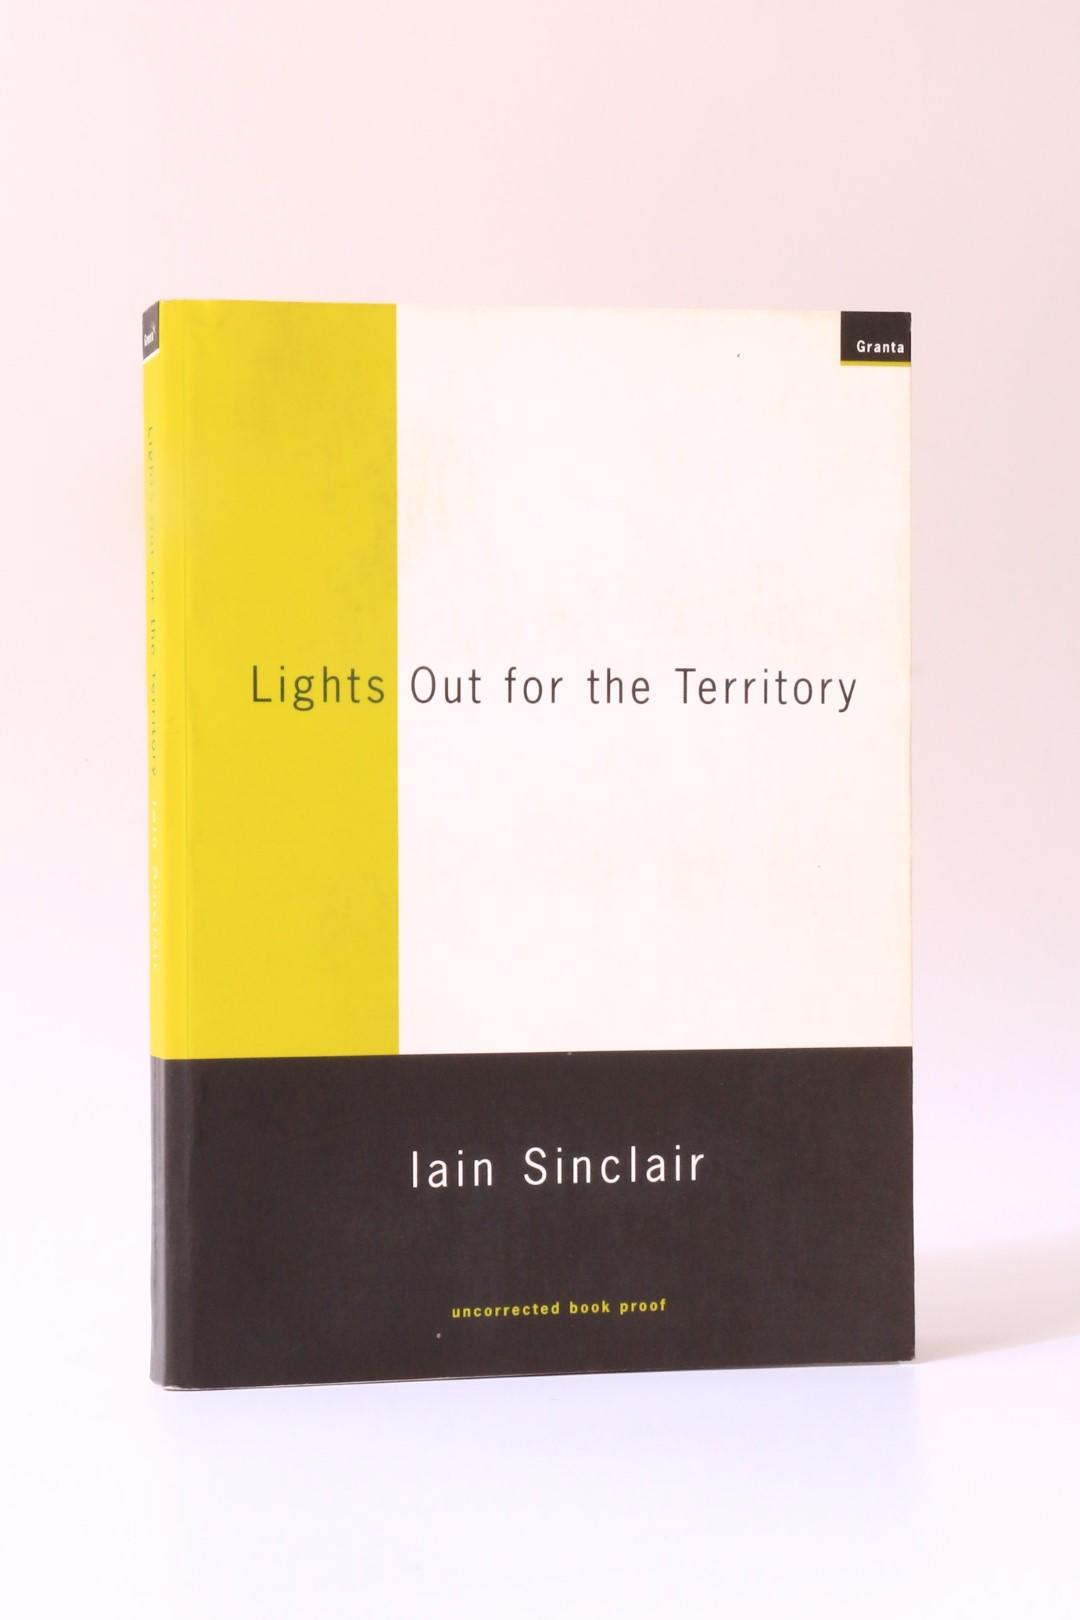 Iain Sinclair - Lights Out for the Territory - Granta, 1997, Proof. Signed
==
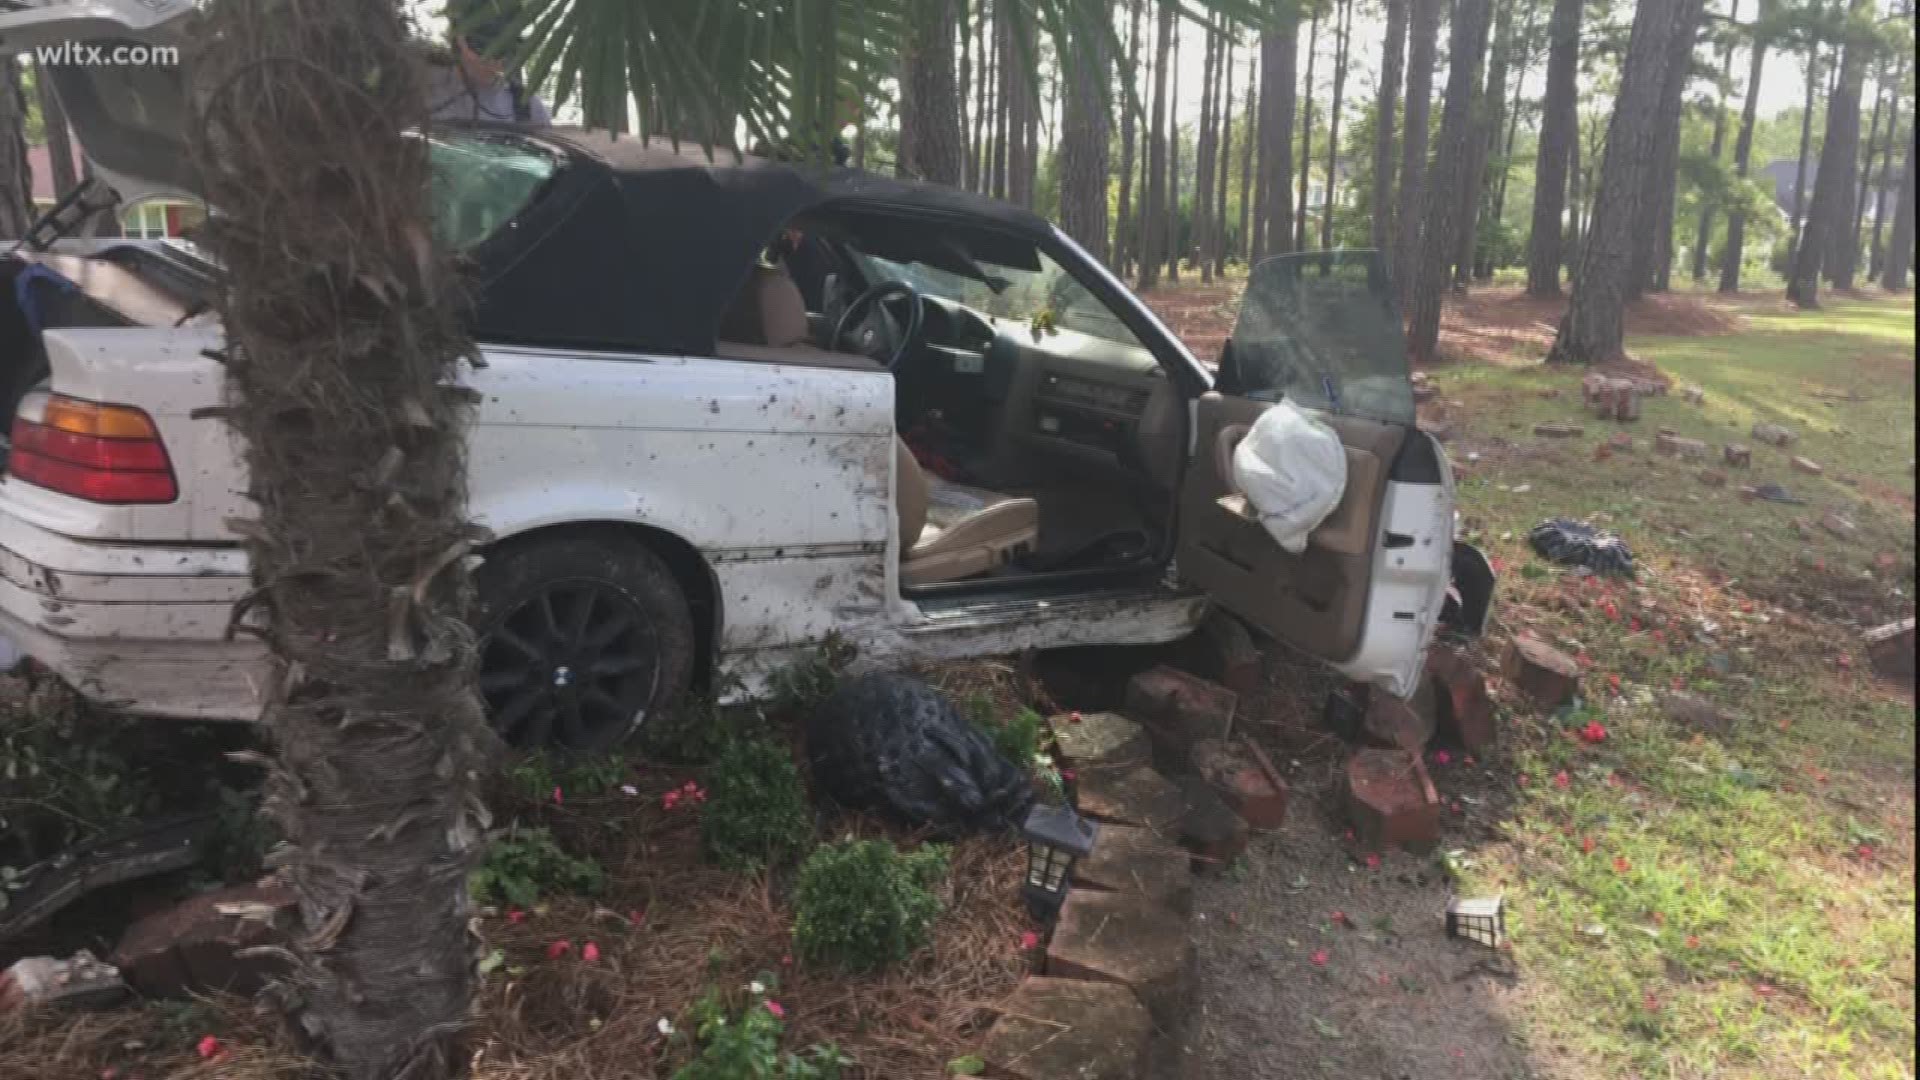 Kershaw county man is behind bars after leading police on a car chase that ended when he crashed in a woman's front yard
==
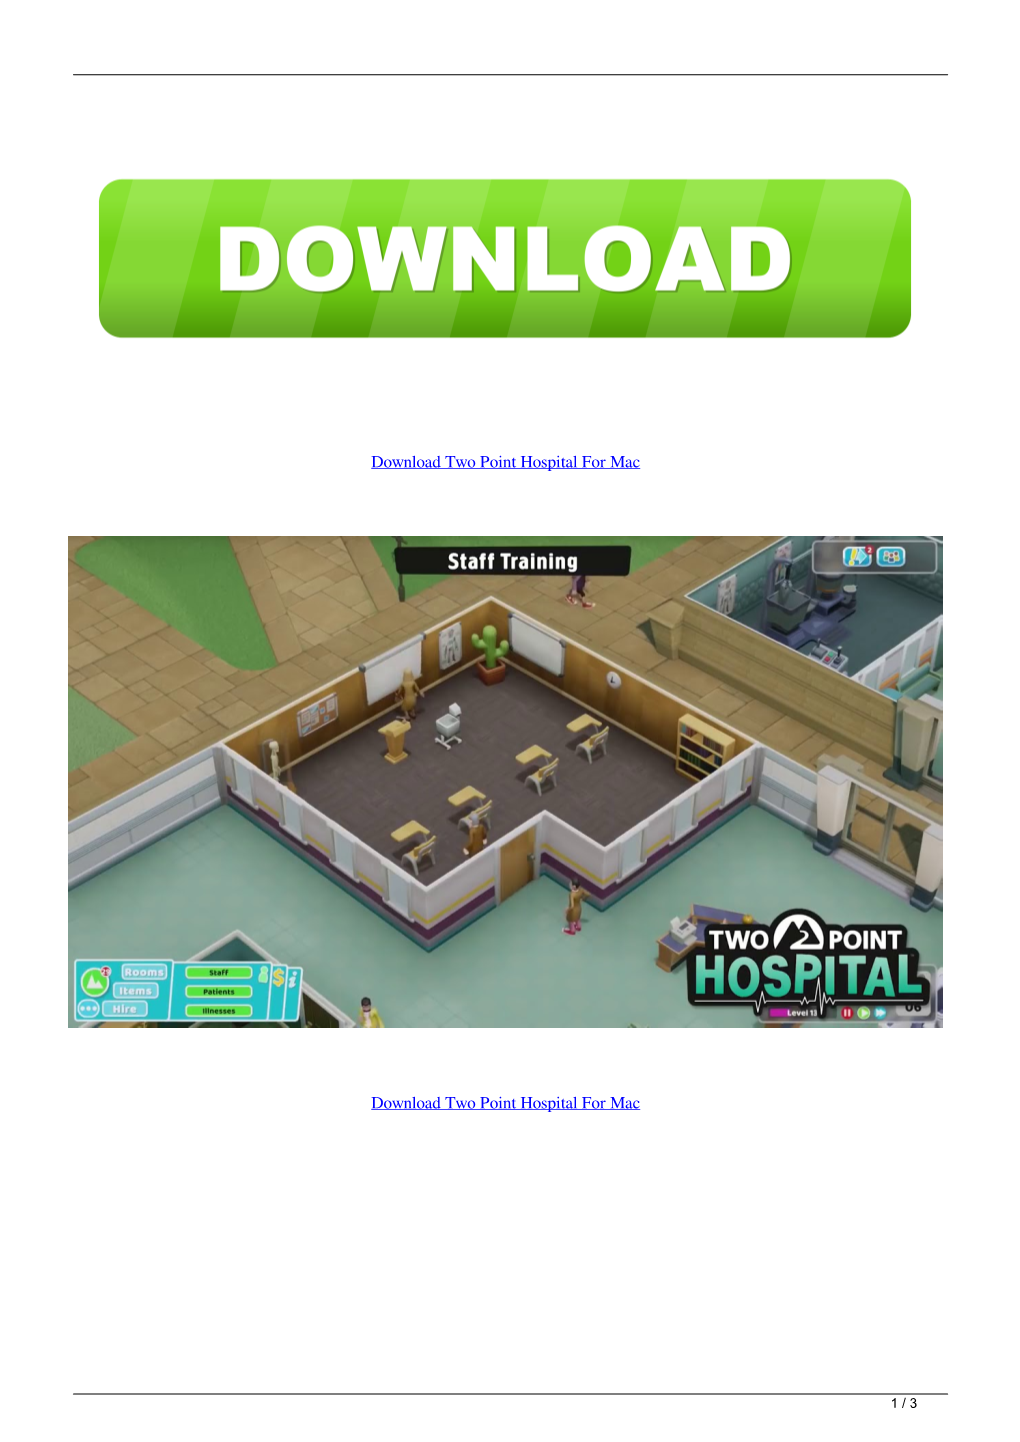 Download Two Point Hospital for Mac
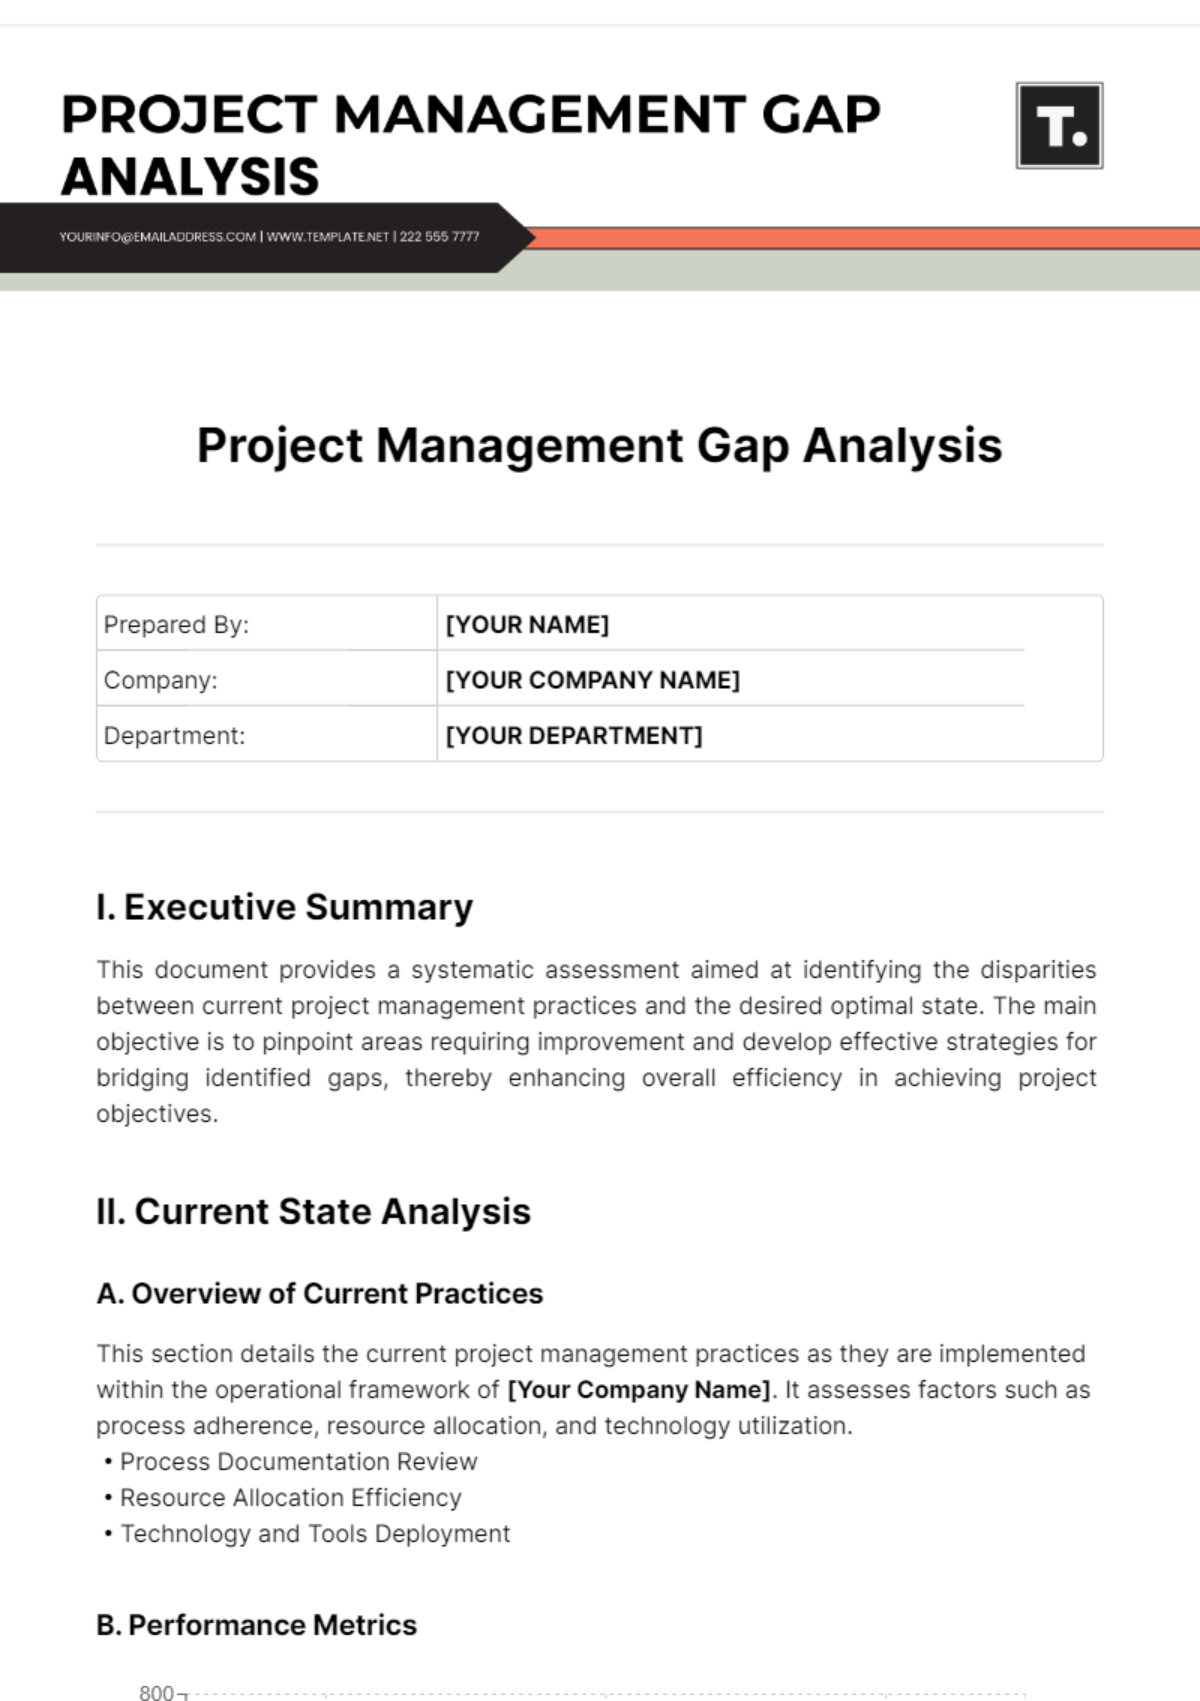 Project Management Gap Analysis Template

- **What you have to do**: Using the entries above, repeat exactly the lines from the one with "Download Two Point Hospital for Mac" to the one with "Project Management Gap Analysis Template", both included, and leave the pictures behind.

- **Task solution**:
 Download Two Point Hospital for Mac
 Project Management Gap Analysis Template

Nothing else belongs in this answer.